4. Manipulating Collections

Given a migration that generates a set type column as shown next:

class CreatePeople < CassandraMigrations::Migration
  def up
    create_table :people, :primary_keys => :id do |t|
      t.uuid :id
      t.string :ssn
      ...
      t.set :emails, :type => :string
    end
  end

  ...
end

You can add new emails to the existing collection:

CassandraMigrations::Cassandra.update!(:people, "ssn = '867530900'",
                                       {emails: ['jenny@goodtimes.com', 'jenn@numberonthewall.net']},
                                       {operations: {emails: :+}})

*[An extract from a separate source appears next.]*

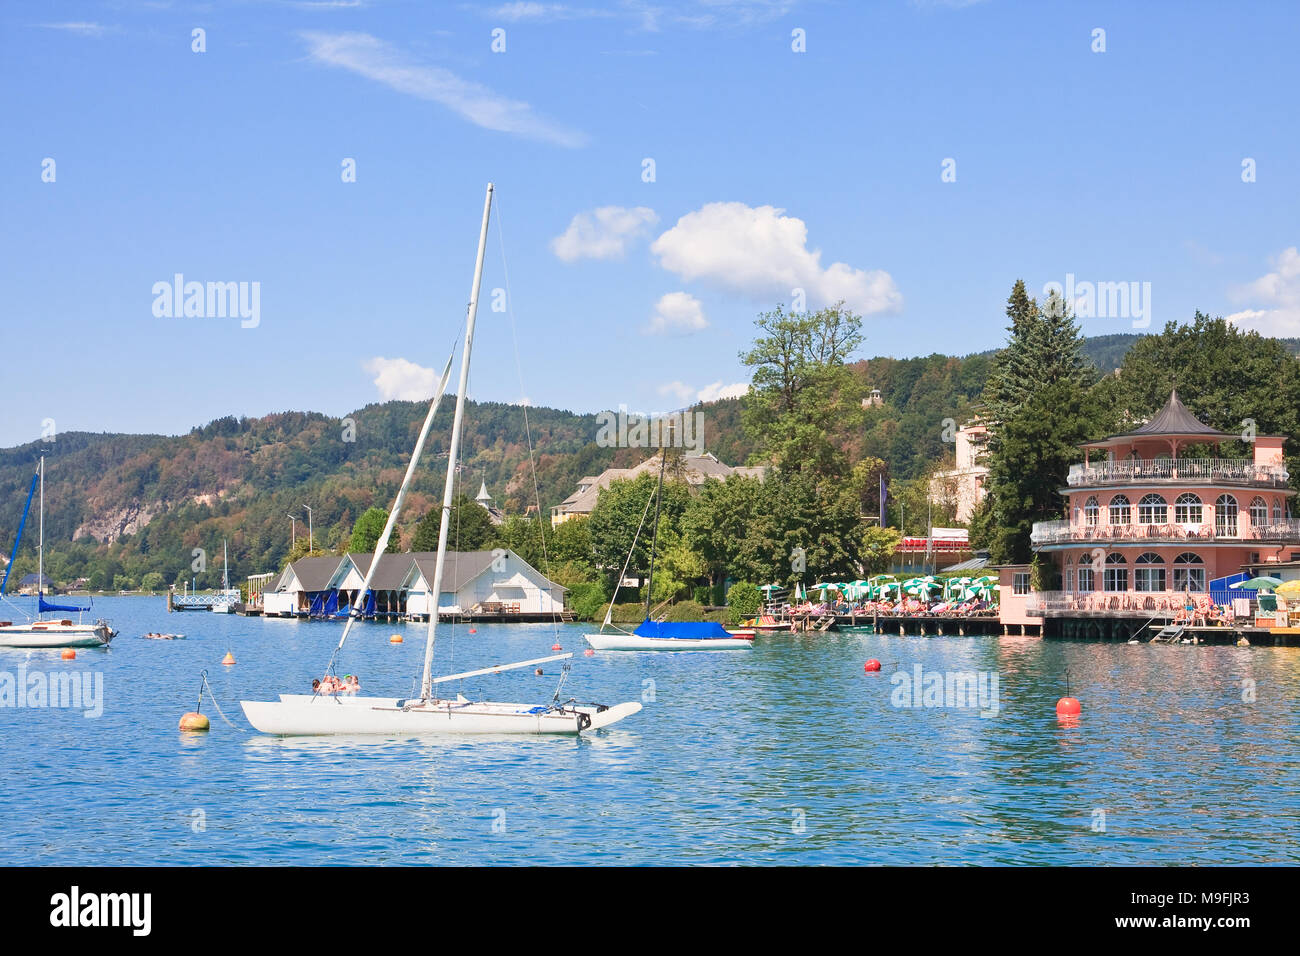 Resort Portschach am Worthersee and Lake Worth (Worthersee). Austria Stock Photo

You can remove emails from the collection:

CassandraMigrations::Cassandra.update!(:people, "ssn = '867530900'",
                                       {emails: ['jenny@goodtimes.com']},
                                       {operations: {emails: :-}})

Or, completely replace the existing values in the collection:

CassandraMigrations::Cassandra.update!(:people, "ssn = '867530900'",
                                       {emails: ['jenny@goodtimes.com', 'jenn@numberonthewall.net']})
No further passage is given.